I have been teaching Constitutional Law for about thirty-five years now and I think my readers will credit me at least with possessing some facility in reading constitutional law literature. When I try to figure out what Sigaw ng Bayan’s draft for a new Constitution is saying, I must confess that I have difficulty in navigating through it. If I am having problem figuring it out, how much more problematic it will be for the ordinary Filipino who does not eat Constitutional Law for breakfast, lunch and dinner like I do.

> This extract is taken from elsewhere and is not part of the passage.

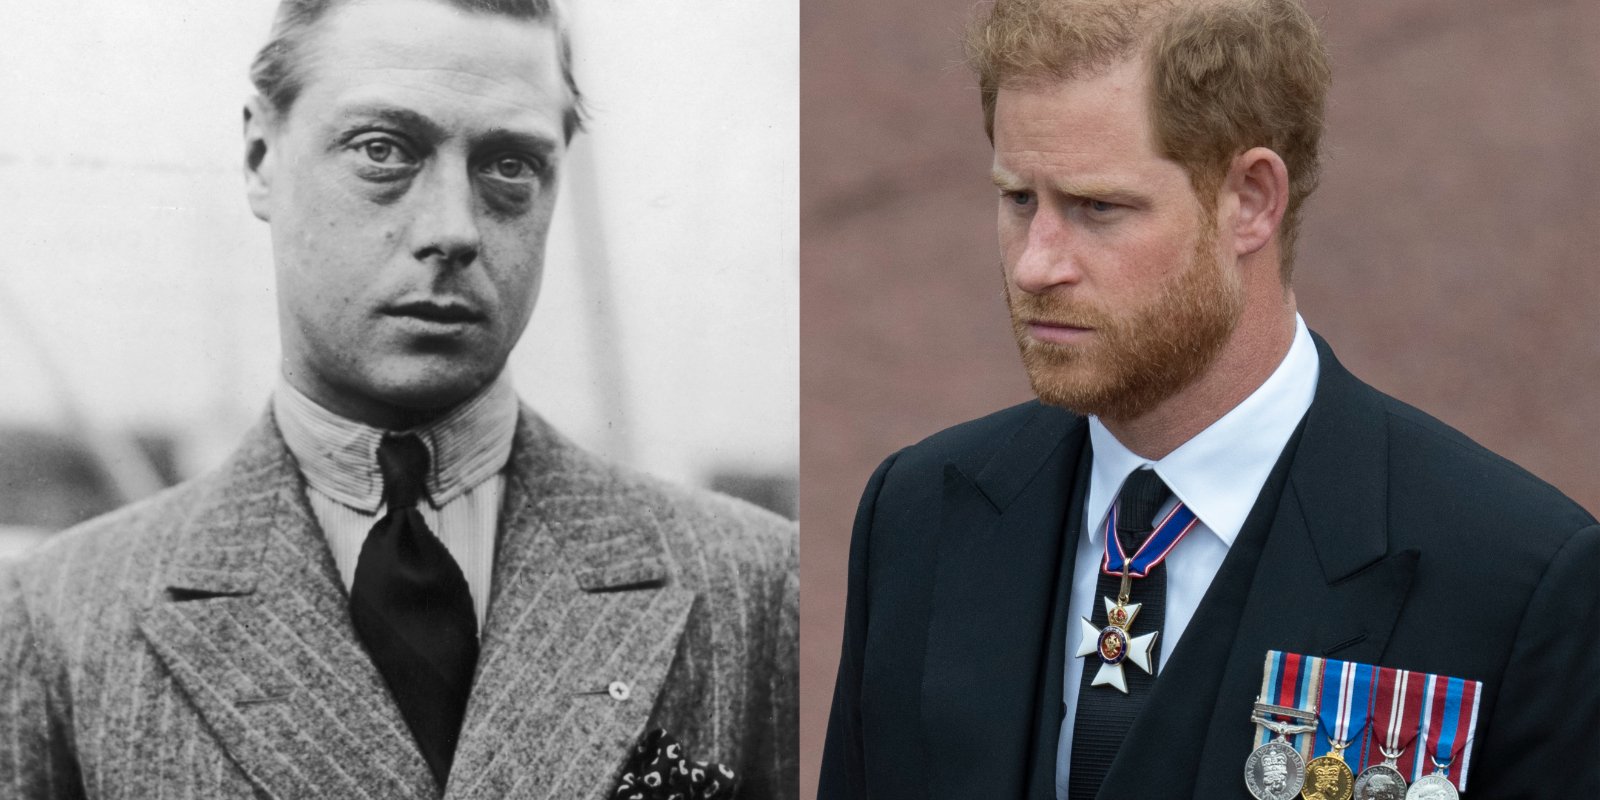 King Edward VIII and Prince Harry in side by side photographs.

The draft is very sloppily done. We need not even talk of intentional deception even if in fact the text is deceiving. I suspect that the authors of the proposal were aware that initiative and referendum as a mode of changing the Constitution is allowed to handle only amendments and not revision. I also suspect that they could also sense that what they were proposing was not a mere amendment but a revision. Hence, they had to look for a way of packaging their proposal in a manner that they hoped could disguise the revision being proposed as a mere amendment. They did this by attempting to give the impression that all they wanted was to change Article VI on the Legislature and article VII, the article on the Executive Department. No other Article is mentioned except Transitory Provisions.
What they came out with, in fact, is not a complete document, Rather they drafted mainly instructions for revising the present Constitution towards a unicameral parliamentary system with the aid of a pair of scissors. Thus, for the Legislature they simply drafted a set of instructions which in Section 2 equivalently says: “Ladies and gentlemen, take out your scissors and open to Article VI. Cut out Sections 18 and 24, retain everything else, but wherever the words ‘Senate,’ or ‘House of Representatives’ or ‘House of Congress’ appear, replace them with ‘Parliament.’ Next, if you find any reference to ‘Member of Congress’ or ‘Senator’ or ‘Member of the House of Representatives,’ replace it with ‘Member of Parliament.’ Retain everything else, but – and this is important -- if you find anything ‘inconsistent with the Parliamentary system of government . . . they will be amended to conform with a unicameral and parliamentary form of government.’”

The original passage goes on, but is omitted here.